文:欢喜有约(赵登岳)
天地有大美而不言,青海湖万顷碧波之北,祁连山脉千重雪岭之南,藏着一方清绝绝尘的秘境,是为刚察。此地枕湖倚山,揽风雪千年,纳牧歌万载。世人皆知青海湖烟波浩渺,却少知北岸刚察,是这片高原圣湖最忠实的守望者,是雪域草原最温柔的诗行。它不似江南温婉玲珑,不似中原烟火繁盛,独有高原的辽阔、纯粹与厚重。历经岁月更迭,王朝兴替,牧歌流转,刚察以一山一湖为骨,一草一牧为魂,在青藏高原的东北一隅,沉淀出独属于自己的千年过往、人文风骨与山河盛景。
刚察,藏语本意“刚察部落”,亦作“岗察”,释义为“旷野之畔,雪岭之下的牧地”。名字自吐蕃时期流传至今,携着雪域先民的质朴与虔诚,穿越千年风沙,依旧清冽如初。这片土地坐落于青海省海北藏族自治州西北部,北依巍峨祁连群山,层峦叠嶂,雪冠终年不褪;南临浩渺青海圣湖,碧波万顷,云水朝夕相依。县域疆域辽阔,地势北高南低,山川、草原、湖泊、湿地次第铺展,构成了高原独有的立体地貌。平均海拔超三千三百米的土地,让清风自带澄澈,流云自带舒展,日月星辰皆比尘世更为清朗明亮。

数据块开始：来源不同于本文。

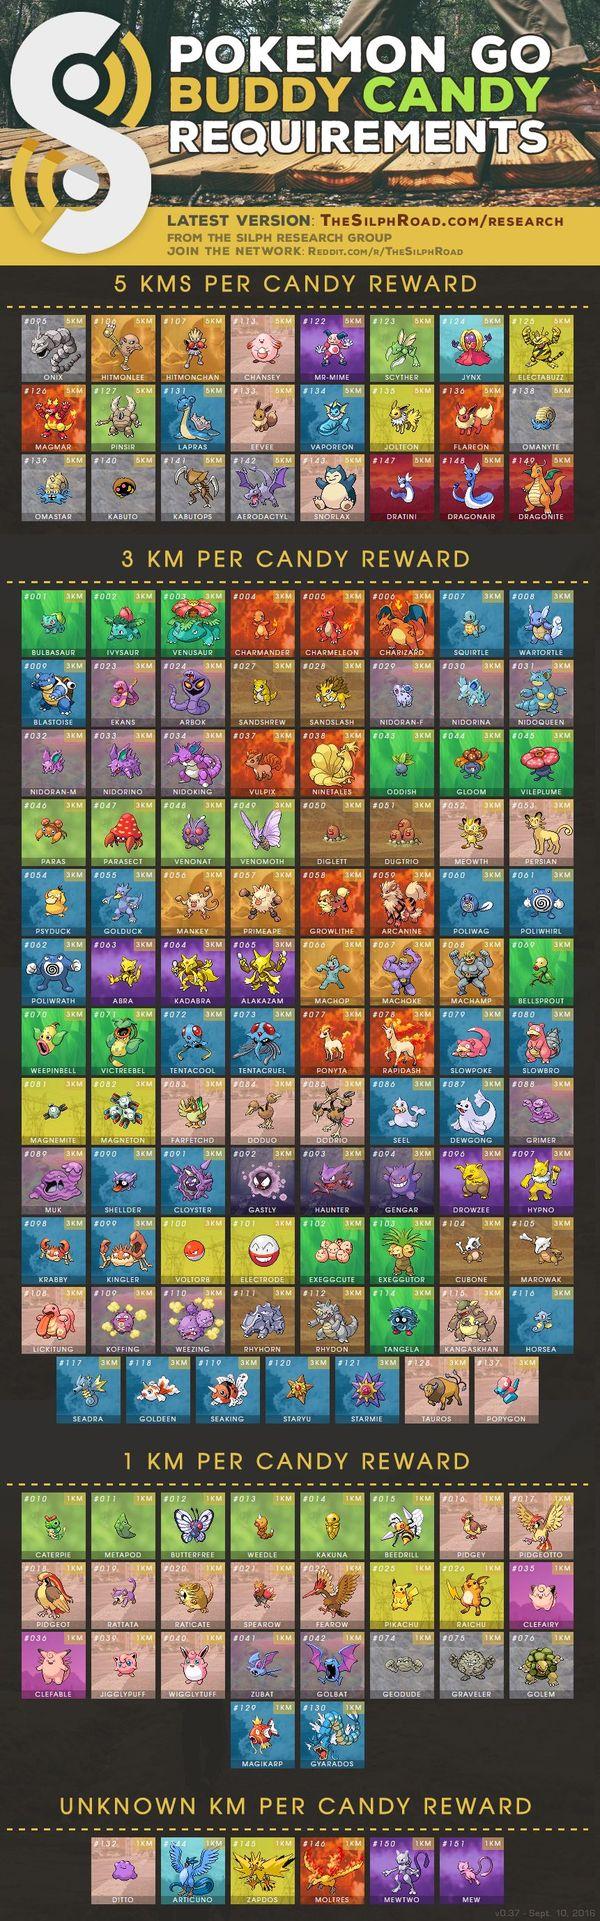 Pokemon GO Buddy - таблица конфет и размеров покемонов
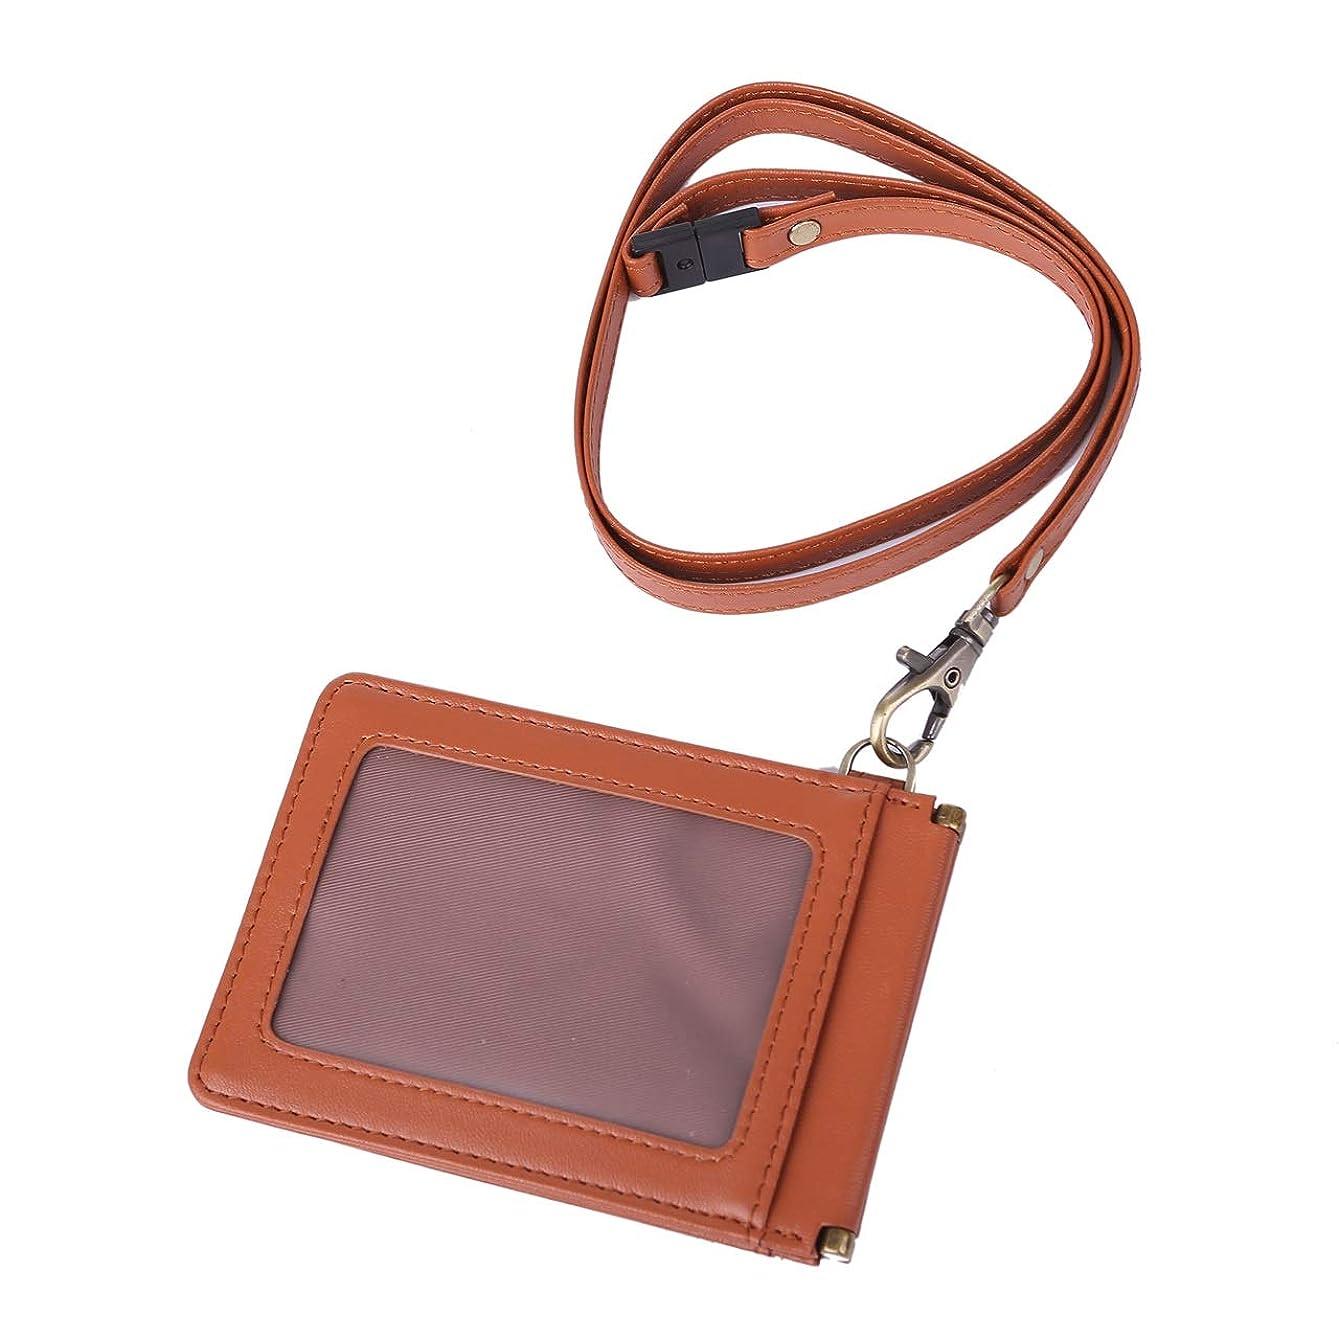 ばかシットコム一般モノボックスジャパン パスケース 定期入れ ICカード2枚使用可能バタフライタイプ 5ポケット 首下げOK pc-mono1

自古及今,刚察便是一片被天地偏爱的灵壤。远古洪荒岁月,青藏高原缓缓隆起,祁连山脉拔地而起,青海湖汇聚百川而成巨泽,刚察的山河格局,便在千万年的地质演变中悄然定型。考古遗存可证,早在新石器时代,这片土地便已有人类烟火栖息。远古先民逐水草而居,踏雪而来,临水而驻,在茫茫草原上打磨石器、驯养牲畜、繁衍生息,成为这片雪域最早的主人。他们以天地为庐,以草木为衣,以牛羊为食,在山河旷野间踏出了最初的文明脉络,为刚察的千年历史埋下了温热的伏笔。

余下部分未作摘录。